Instructions to follow: Only lines that contain the word "métal" are to be returned from the data below.

Given material:
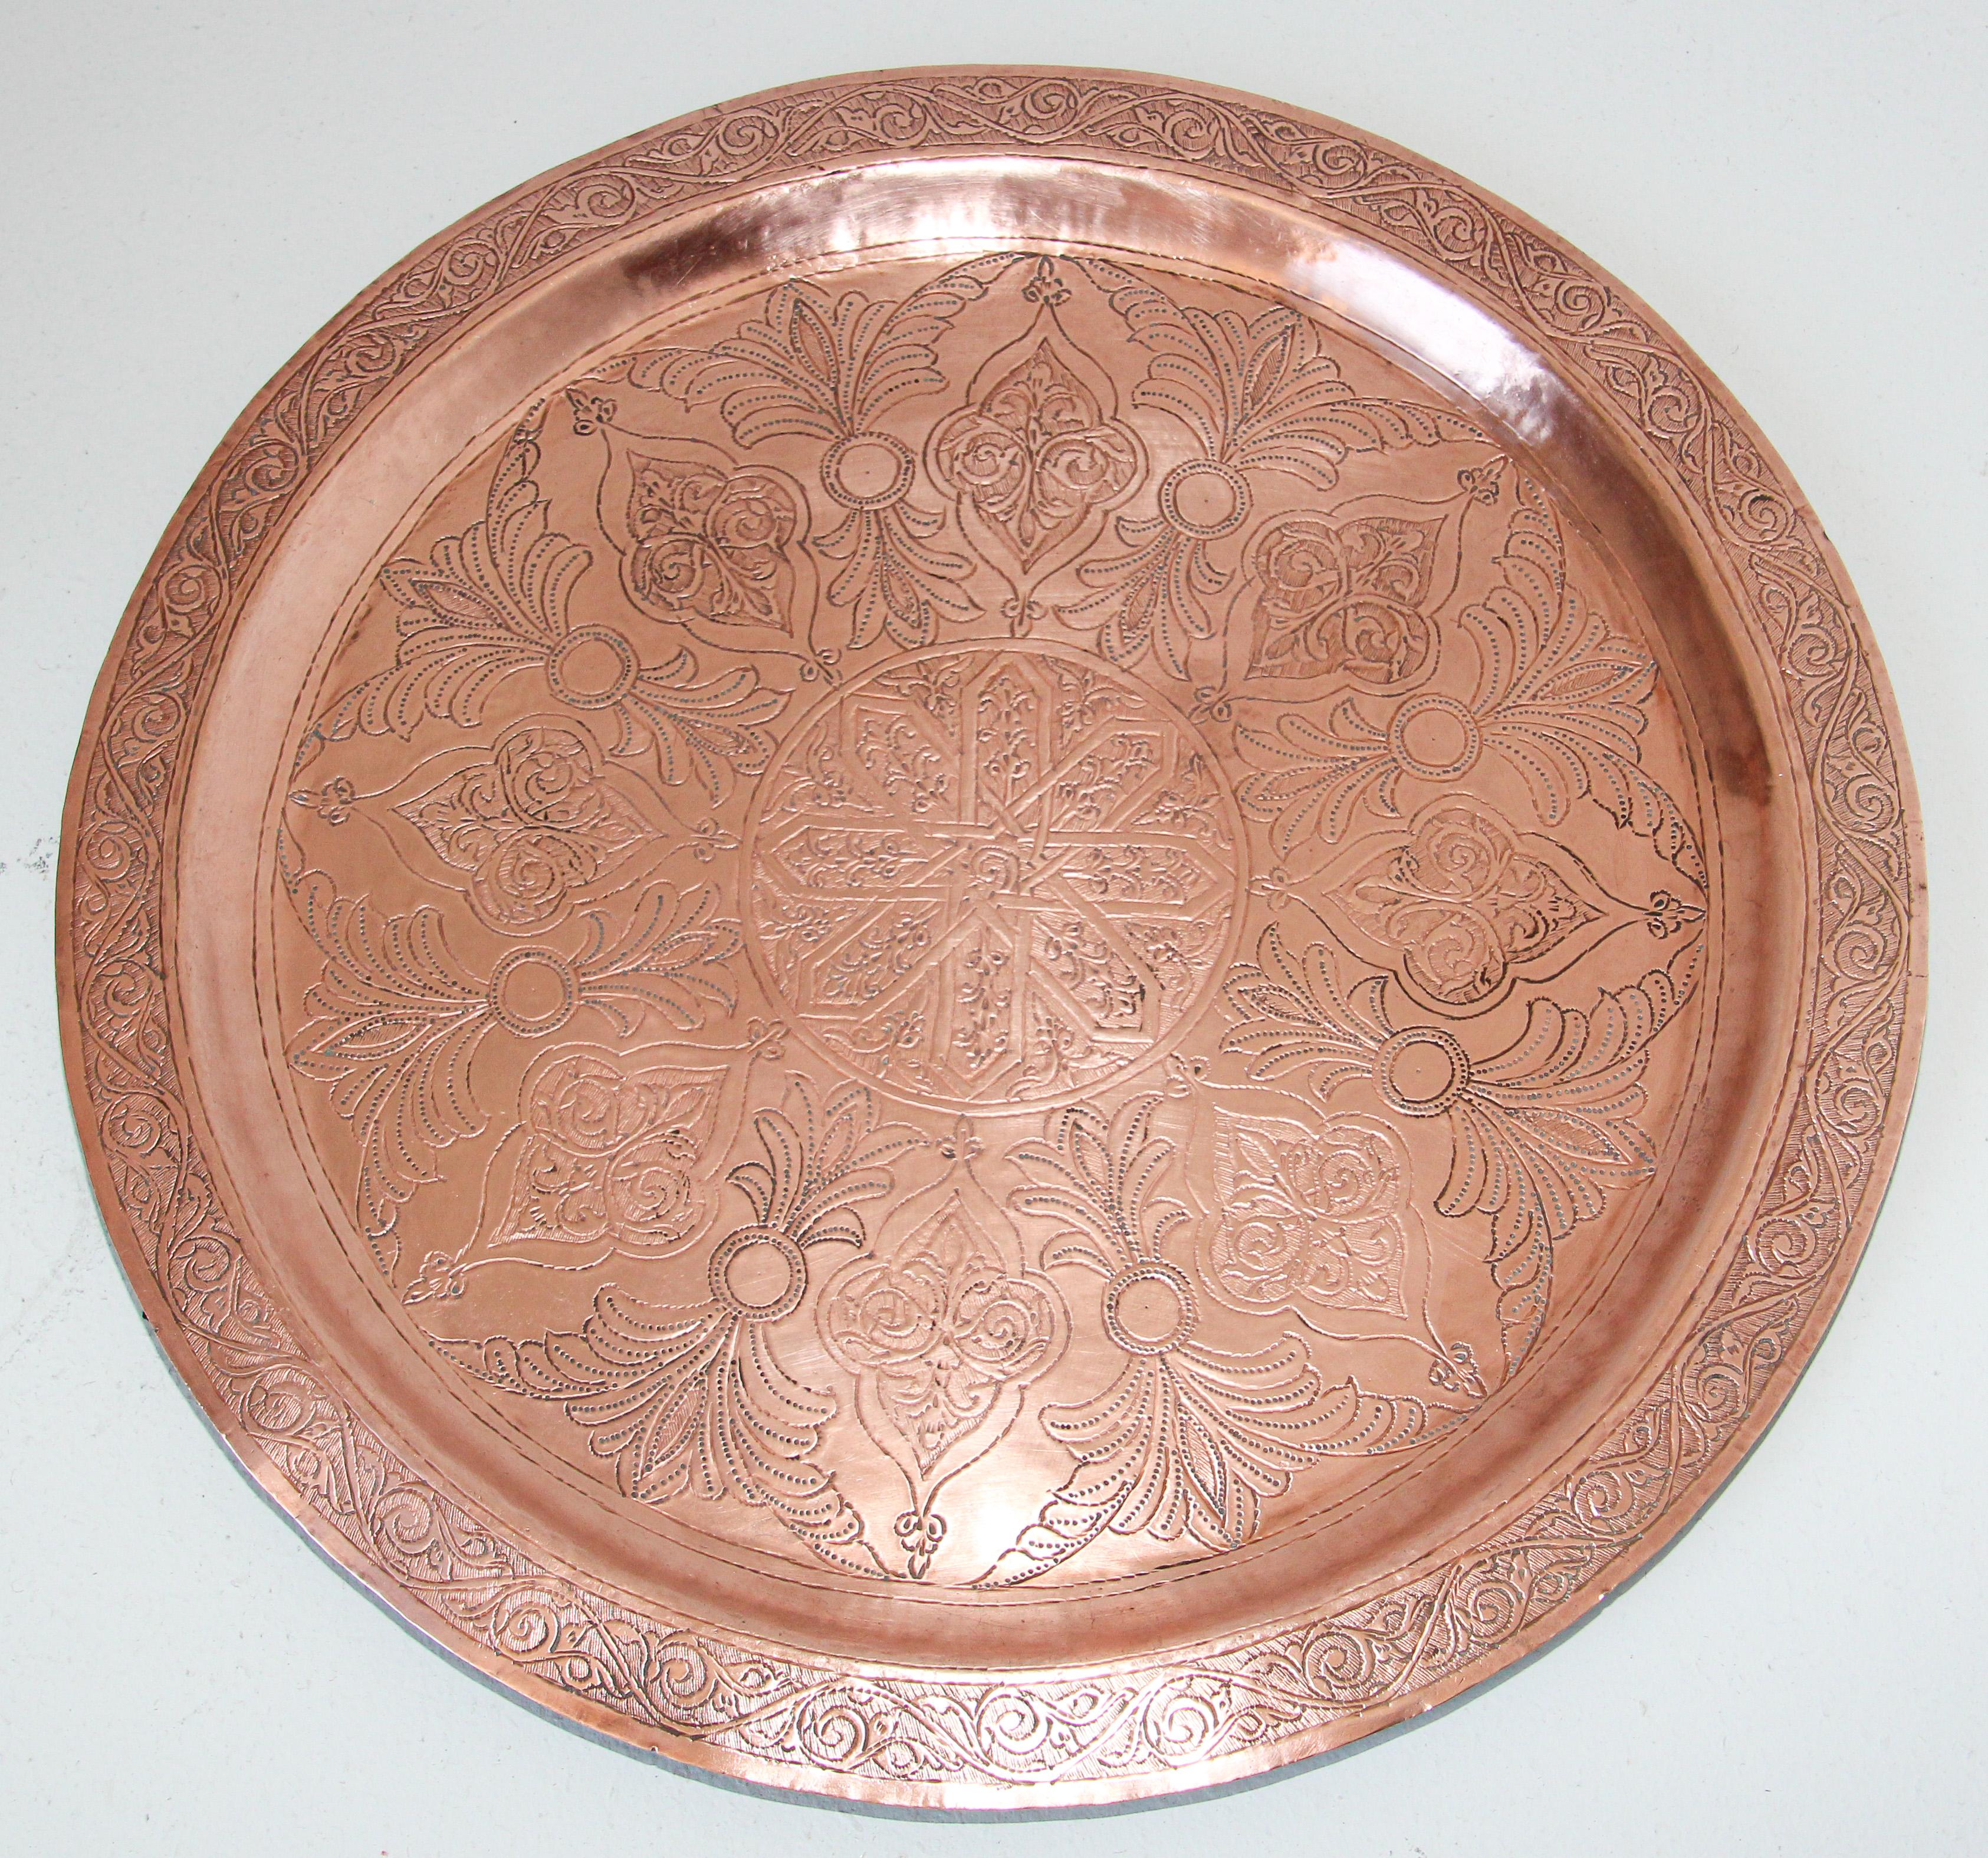 Plateau rond en cuivre antique de style mauresque marocain.
Le plateau circulaire en métal cuivré, fabriqué à la main, est décoré et martelé de motifs floraux et géométriques islamiques mauresques.
Plaque de cuivre en métal rouge lourd avec un

Reply:
Le plateau circulaire en métal cuivré, fabriqué à la main, est décoré et martelé de motifs floraux et géométriques islamiques mauresques.
Plaque de cuivre en métal rouge lourd avec un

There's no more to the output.